Upon reboot I had to run Windows startup repair again, this time it said it couldn't repair, but it did something because windows booted after that.

I checked in the Bios and the voltages look good here (I don't really have any other way to check the PSU, my computer is a mITX and and its PSU is even questionable but that's a topic for another day) 3.344v, 5.160v, and 12.144v the PSU is quiet, no alarming noises. I don't have a PSU tester and the only other ATX psu I have is only 200w from an old P3 machine.

I updated the MoBo Bios from 1.2 to 1.5

Windows is set to auto update so no updates currently available.

The Bluescreens seem to occur when the PC sits idle for several hours (I don't know if it is when waking up from sleep or not)

I contacted Kingston, currently waiting for a response to see what they say, but from what I read 2 bad sectors is not of concern if it doesn't increase.

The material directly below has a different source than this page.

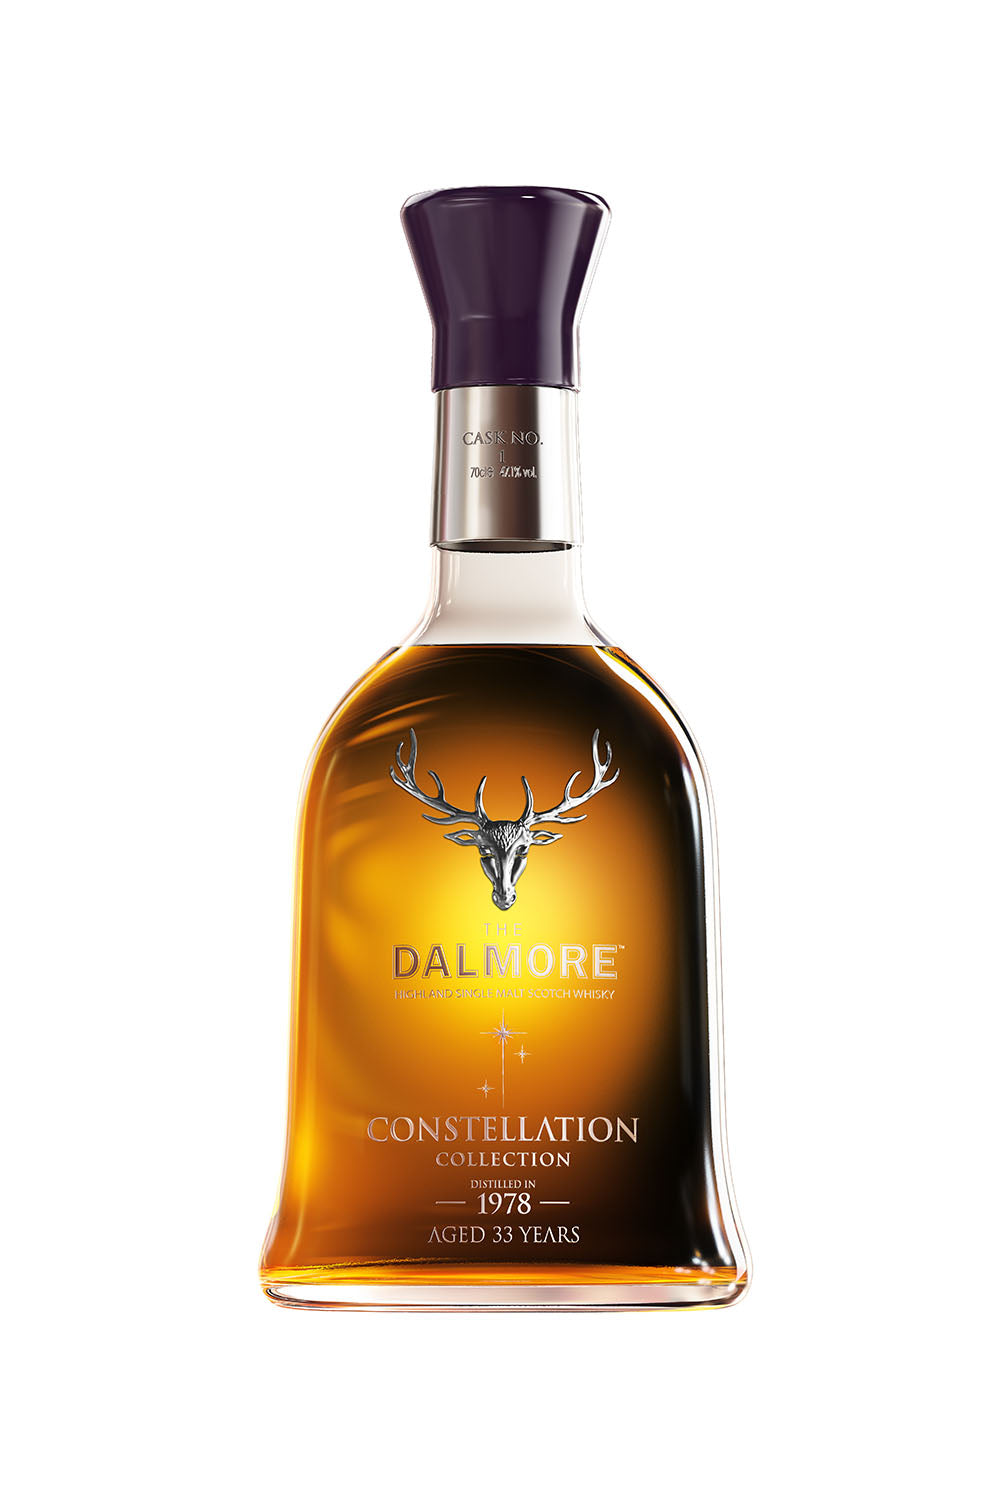 The Dalmore 1978 Constellation - Cask 1

We'll see If the issues continue. Next step I think is to reinstall Windows

thanks
 
look that drive you posted the screenshot for is bad its now to me just a storage drive that you hook up to pull a file off of it when you need it and then it stays un hooked till needed for something else its nolonger a primary bootable drive in my book.. I feel as long as your trying to use that drive your not going to go any further with your issue [opinion]
 

Shadow351

Distinguished
Oct 2, 2011
13
0
18,510
Kingston responded they are going to RMA the drive so I will do that and go from there. I connected the drive to my computer and I am trying to retrieve the data off of it (i do have a backup from a couple weeks ago).

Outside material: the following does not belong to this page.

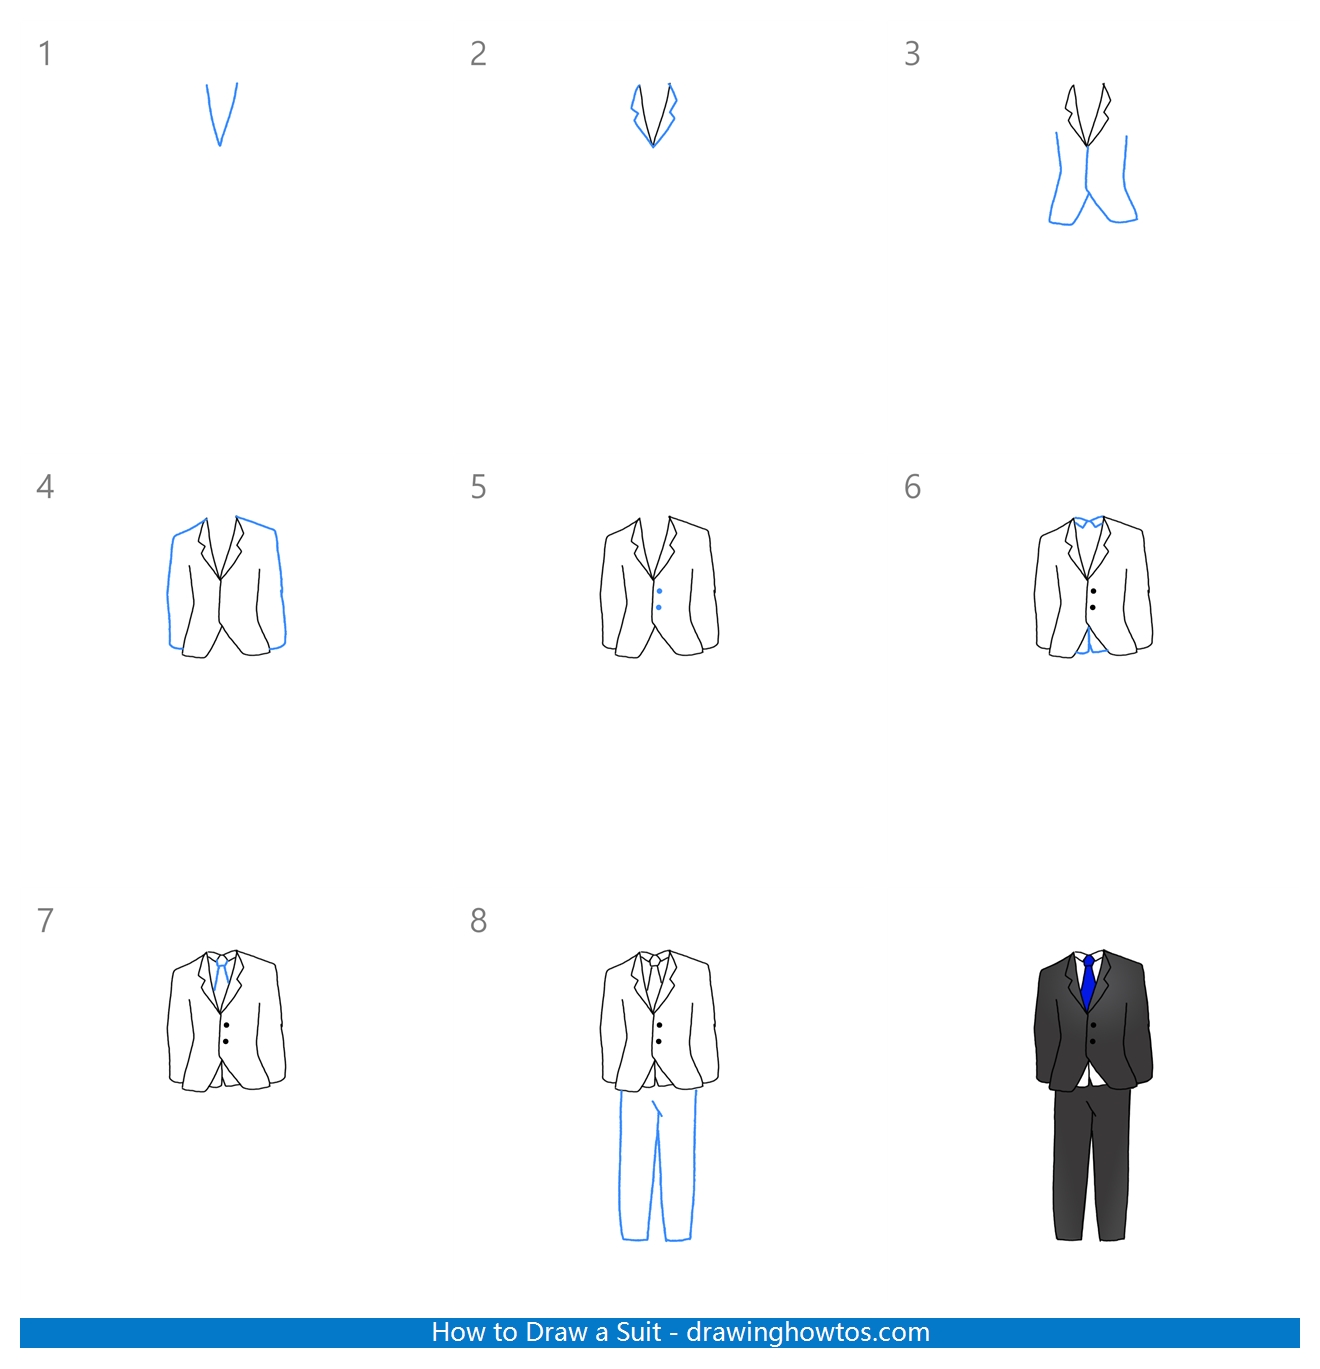 How to Draw a Suit Step by Step

Maybe the bad sectors are not the fatal problem because I have the same model drive in my computer, and I just checked, it had 6 bad sectors, but seems to work flawlessly. I'll keep an eye (and backup) on it.
 
that maybe true, butwhat was in them sectors when they went bad?? something important or just some junk or unused space? I look at it if its getting bad sectors something is causing that and it should run for life with out that issue[??] I guess what I read in that link I sent you its a mechanical issue with the drive so why risk it ? ya it may go for 2 more years or it may o for 2 more days.. its just my call what I do about this everyone does what he feels best. see the os is trying to do something and the drive is having some issue and something goes cross and then bsod ... but you can only do as you see fit and I can only say what I think to try to help you out in some way....

A bad sector is a sector on a computer's disk drive or flash memory that cannot be used due to permanent damage (or an OS inability to successfully access it), such as physical damage to the disk surface (or sometimes sectors being stuck in a magnetic or digital state that cannot be reversed[clarify]) or failed flash memory transistors.